计算机工程与应用 ›› 2012, Vol. 48 ›› Issue (30): 147-150.

• 数据库、信号与信息处理 • 上一篇    下一篇

基于有序FP-tree的最大长度频繁项集挖掘算法

廖福蓉1,王成良2   

  1. 1.重庆大学 计算机学院,重庆 400030
    2.重庆大学 软件学院,重庆 400030
  • 出版日期:2012-10-21 发布日期:2012-10-22

Algorithm for mining maximal length frequent itemsets based on order FP-tree

LIAO Furong1, WANG Chengliang2   

  1. 1.School of Computer Science, Chongqing University, Chongqing 400030, China
    2.School of Software Engineering, Chongqing University, Chongqing 400030, China
  • Online:2012-10-21 Published:2012-10-22

摘要: 频繁项集的挖掘受到大量候选频繁项集和较高计算花费的限制,只挖掘最大长度频繁项集已满足很多应用。提出一种基于有序FP-tree结构挖掘最大长度频繁项集的算法。即对有序FP-tree的头表进行改造,增加一个max-level域,记录该项在有序FP-tree中的最大高度。挖掘时仅对max-level 大于等于已有最大长度频繁项集长度的项进行遍历,不产生条件模式基,无需递归构造条件FP-tree,且计算出最大长度频繁项集的支持度。实验结果表明该算法挖掘效率高、速度快。

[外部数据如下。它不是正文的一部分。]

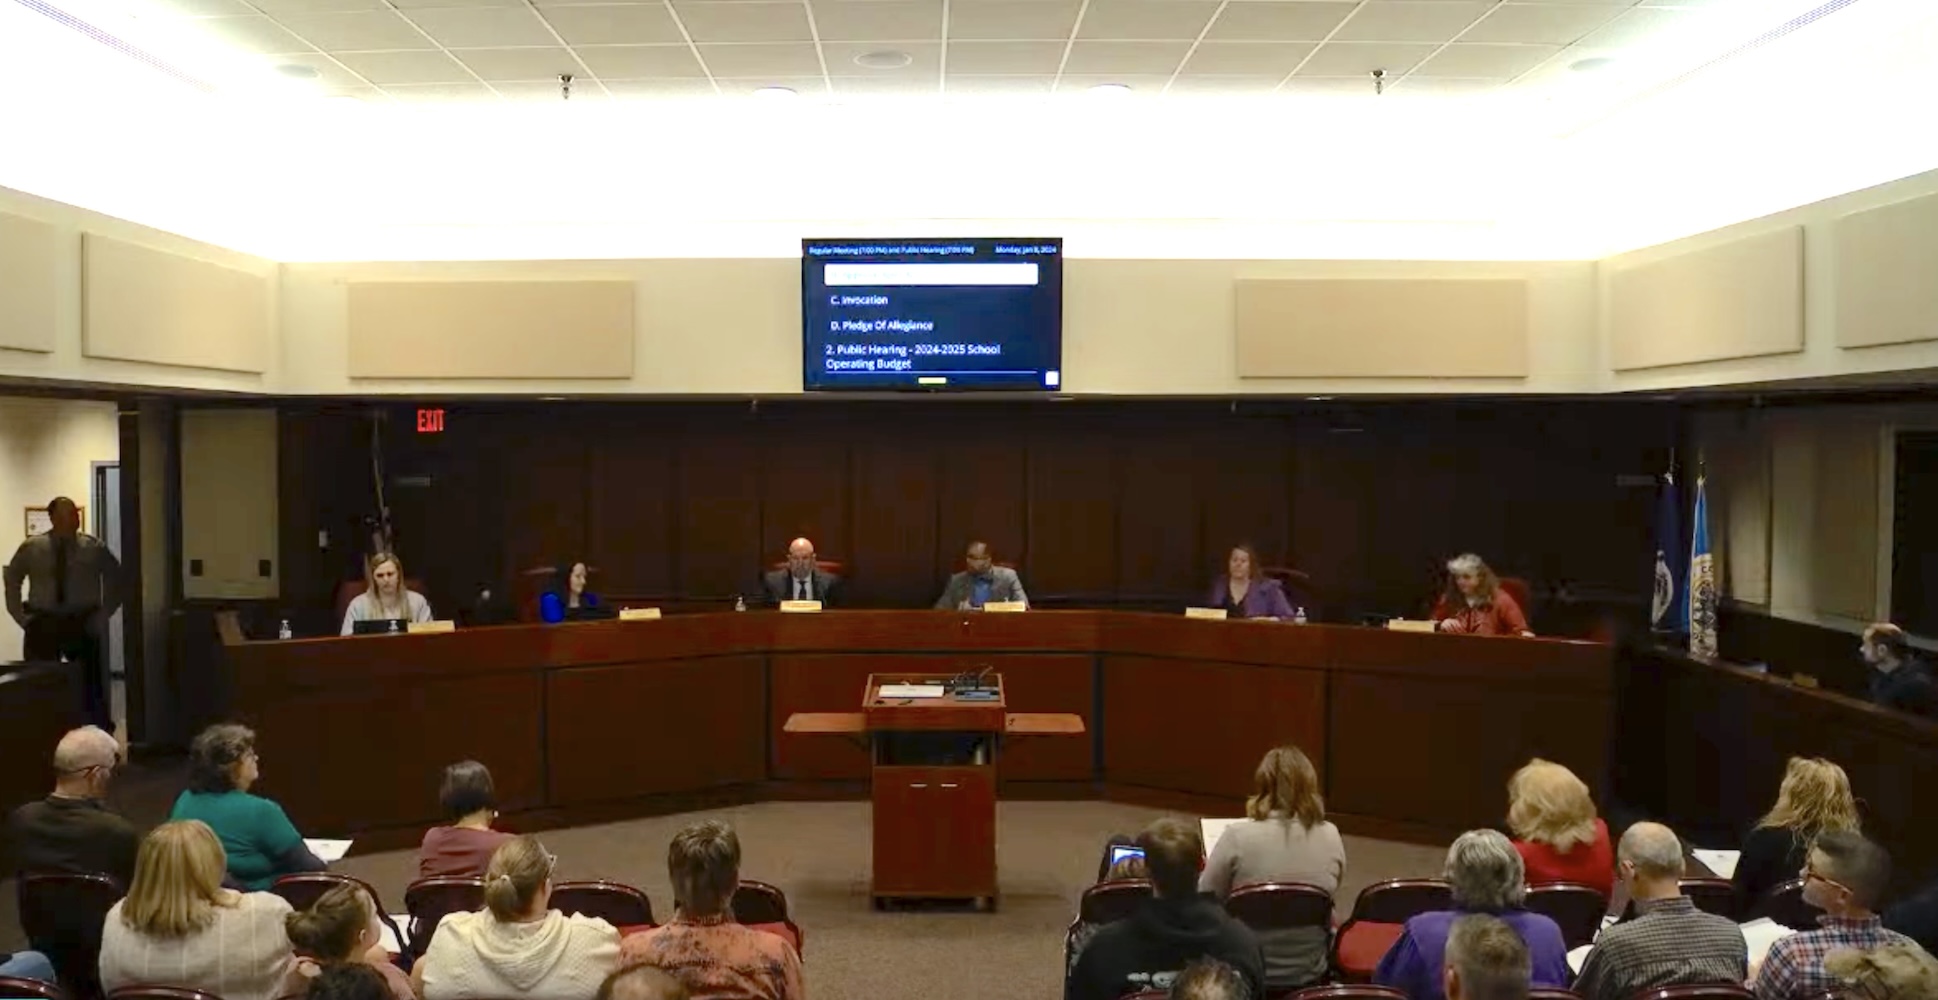 Prayer at school board meeting sparks Constitutional debate - The Lion

关键词: 最大长度频繁项集, 数据挖掘, 频繁项集, 有序频繁模式树(FP)-tree

Abstract: The mining of frequent itemsets has been limited by the large number of resulting itemsets as well as the high computational cost. In many application domains, however, it is often sufficient to mine maximum length frequent itemsets. An order FP-tree-based algorithm is proposed for the mining problem. A field max-level is added in head-table to record the greatest height of item. In the mining process, only the item which max-level value is equal or greater than the length of existing maximum length frequent itemsets is traversed. Neither producing conditional pattern base nor constructing conditional frequent pattern tree recursively is needed, and the support of maximum length frequent itemsets is calculated. The experimental results show that the algorithm accelerates the speed to traverse the tree and improves the mining efficiency.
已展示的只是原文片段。